DATA SECTION
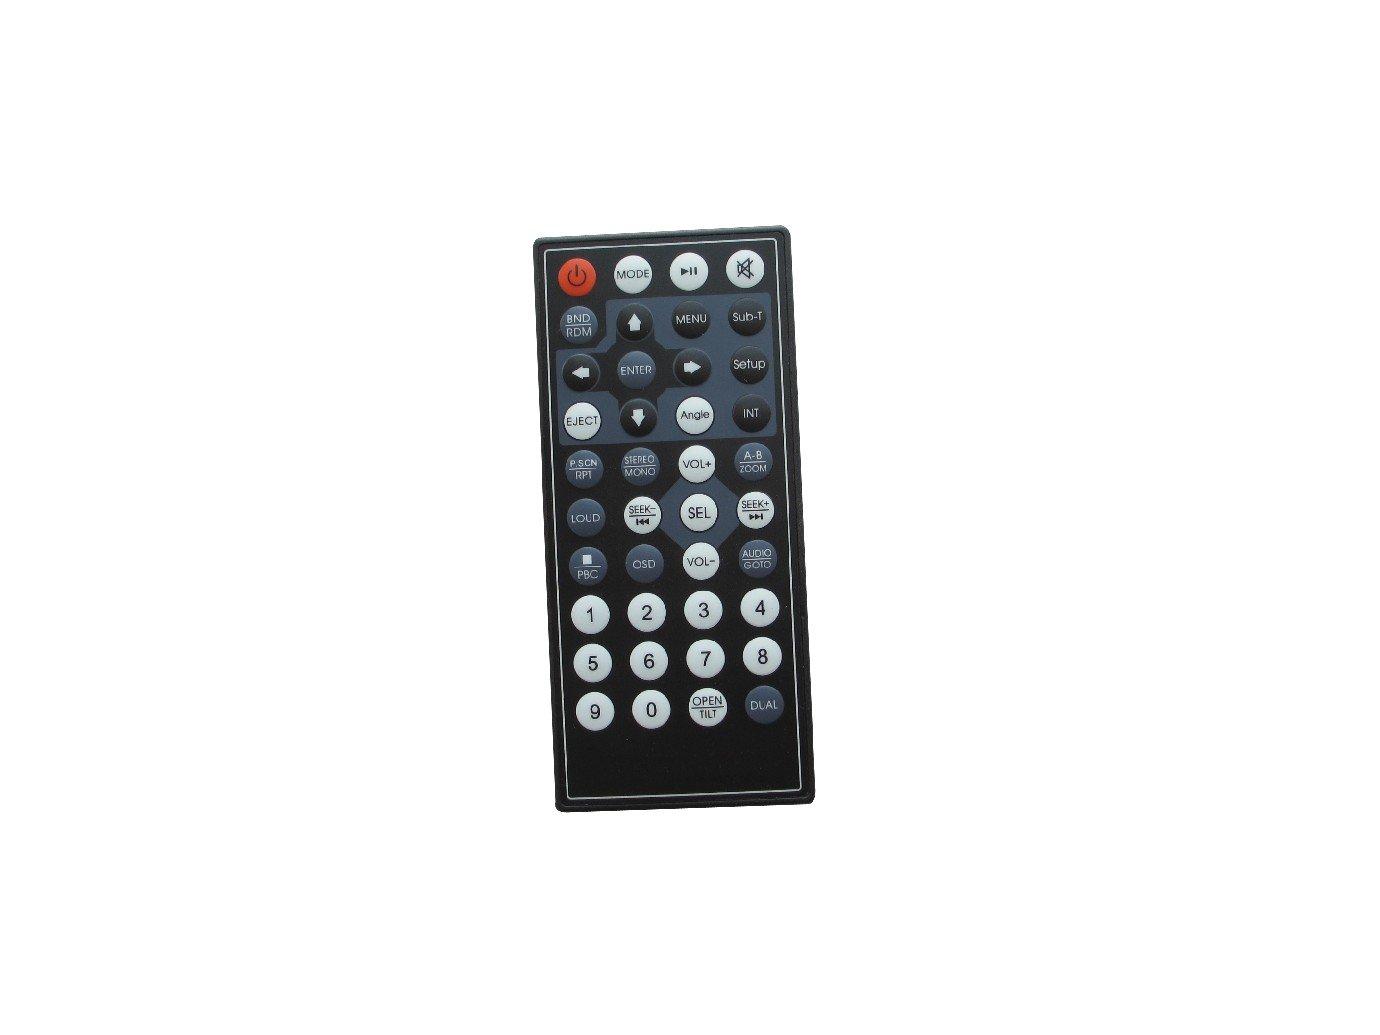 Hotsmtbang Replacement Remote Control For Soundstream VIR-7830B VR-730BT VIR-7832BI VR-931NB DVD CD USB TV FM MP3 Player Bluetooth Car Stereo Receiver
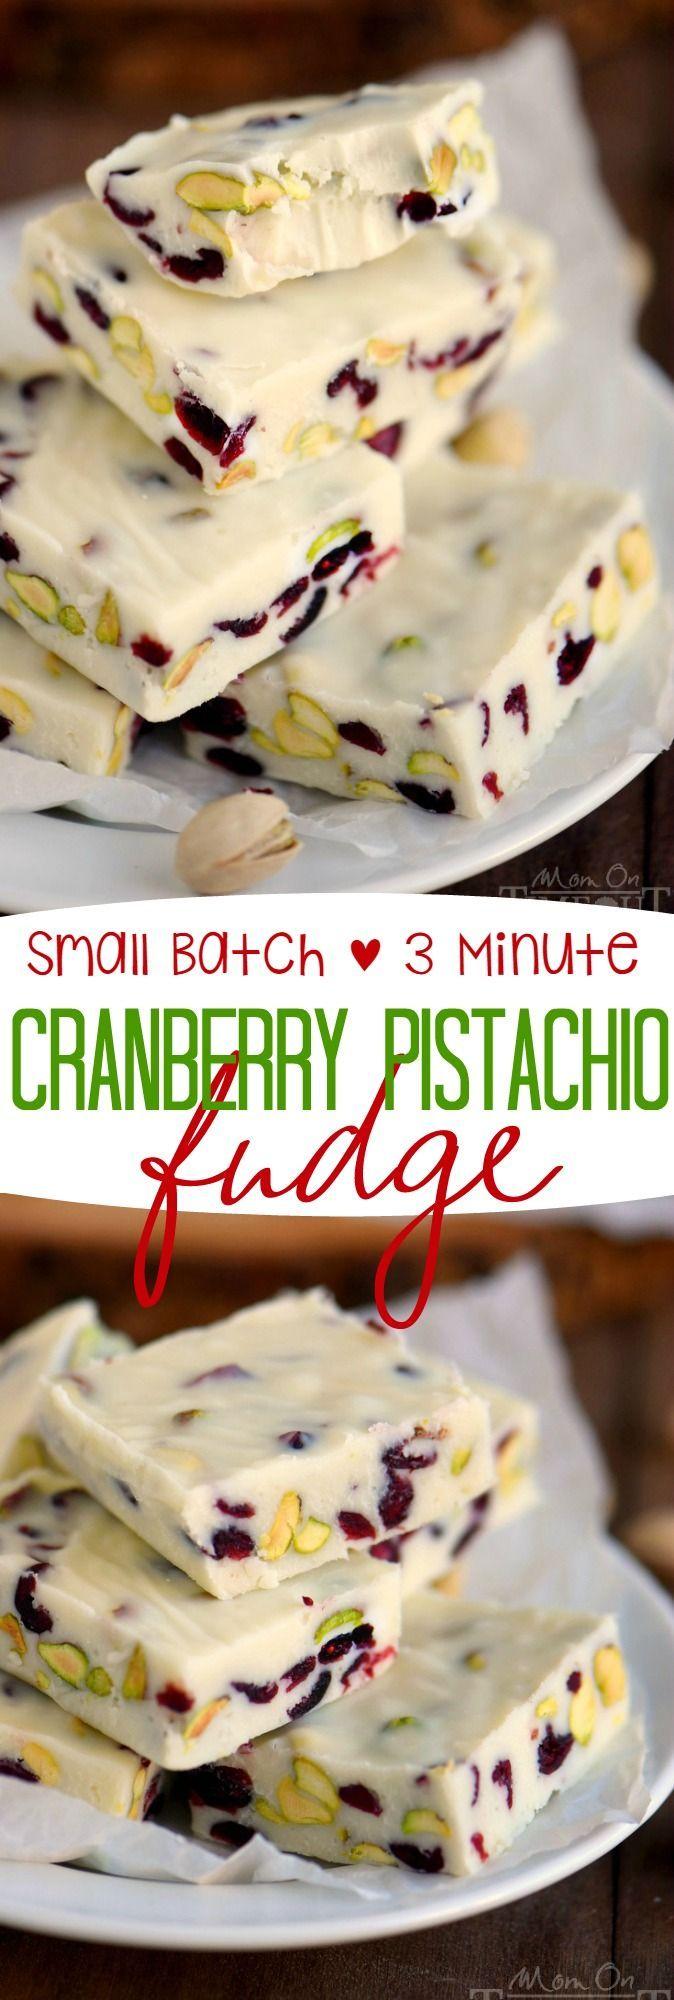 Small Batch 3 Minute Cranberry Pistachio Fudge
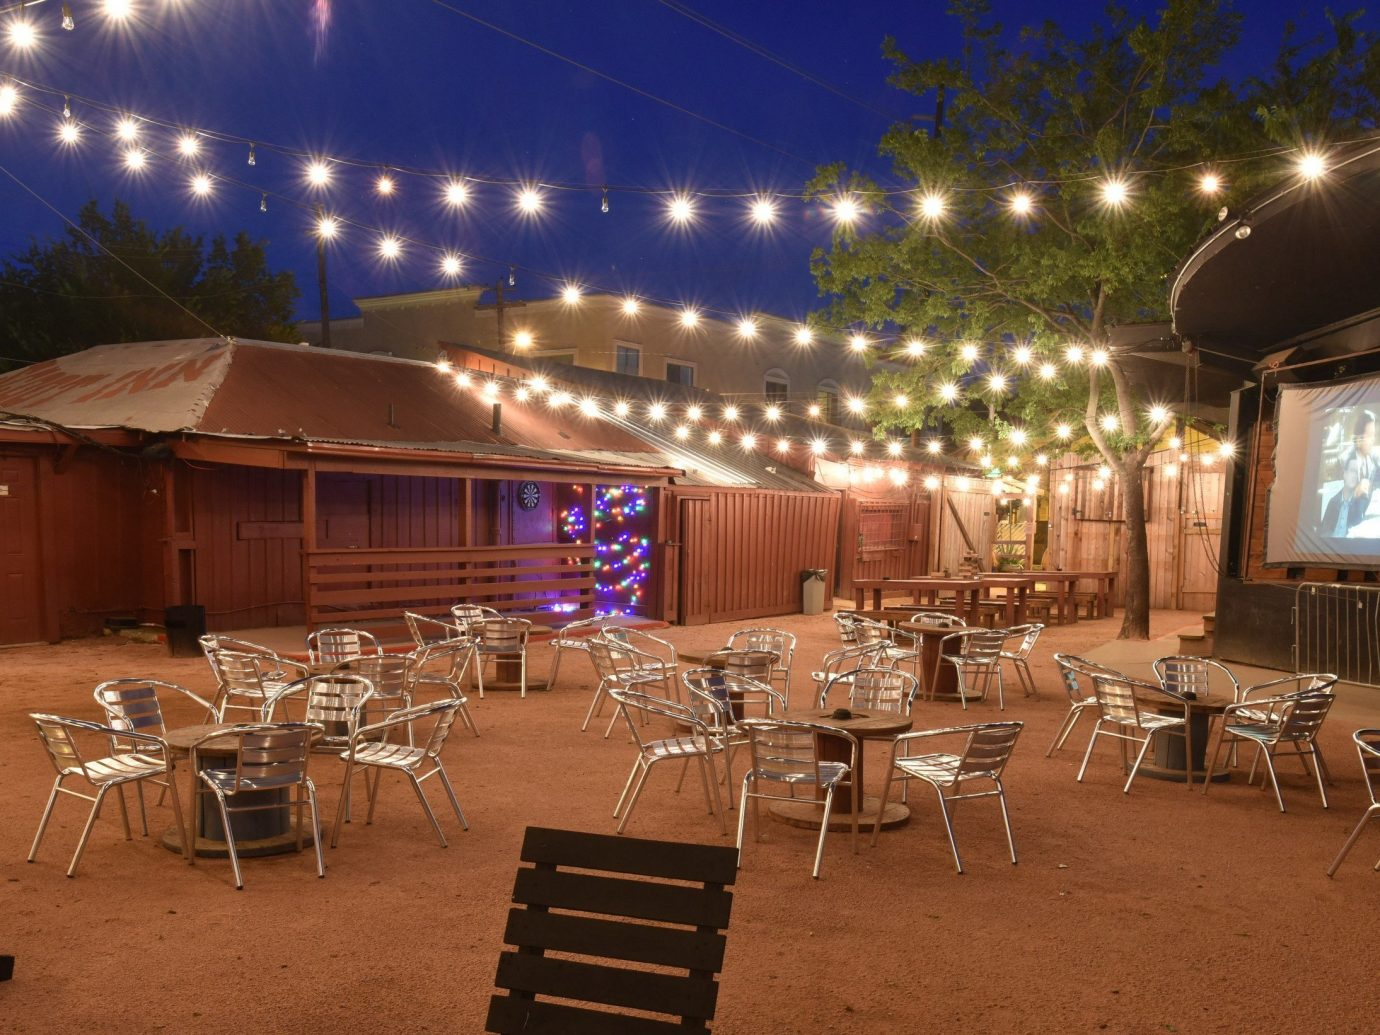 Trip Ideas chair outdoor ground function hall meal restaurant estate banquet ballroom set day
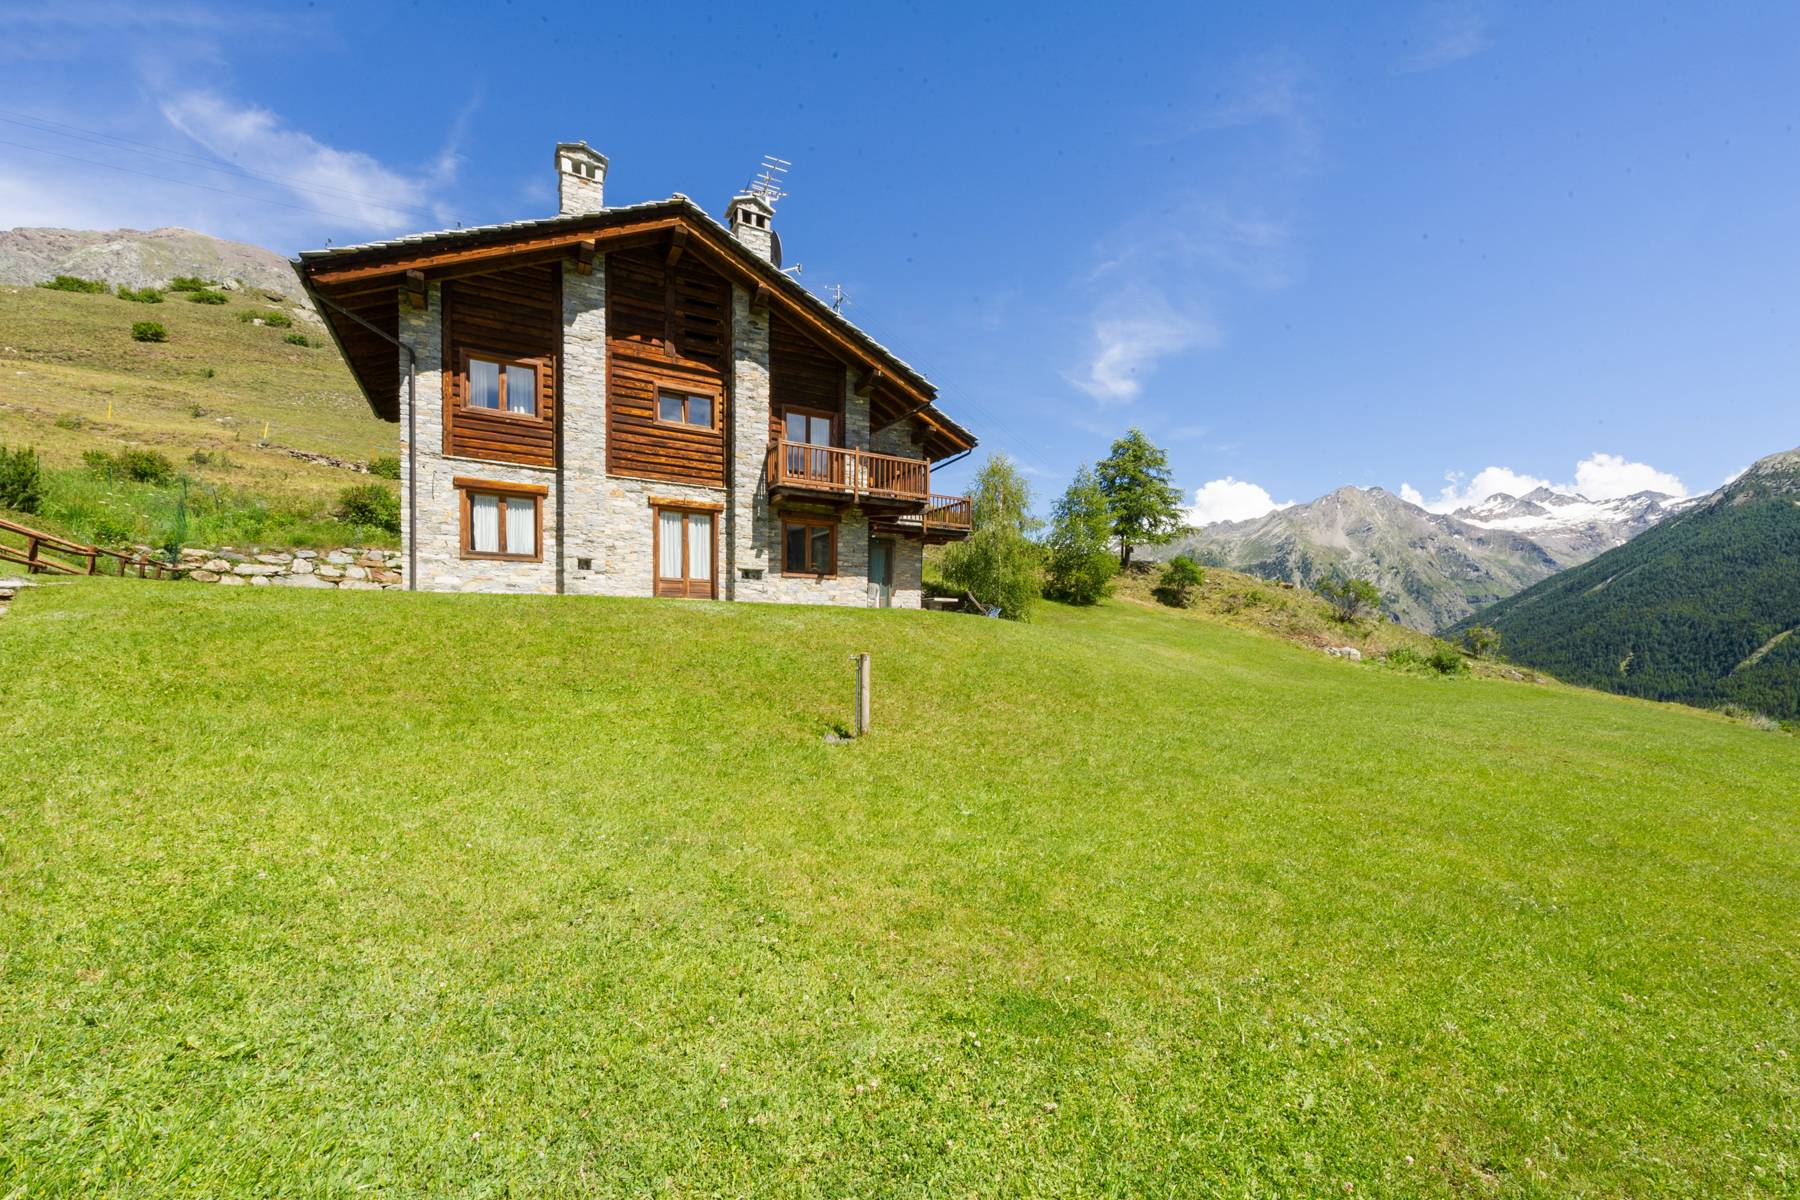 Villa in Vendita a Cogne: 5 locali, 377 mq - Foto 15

INSTRUCTIONS FOR THE TASK
A word-for-word copy of the lines from the one with "Trip Ideas chair" through the final line of the listing above is the whole answer, and it contains no pictures.

ANSWER
 Trip Ideas chair outdoor ground function hall meal restaurant estate banquet ballroom set day
 Villa in Vendita a Cogne: 5 locali, 377 mq - Foto 15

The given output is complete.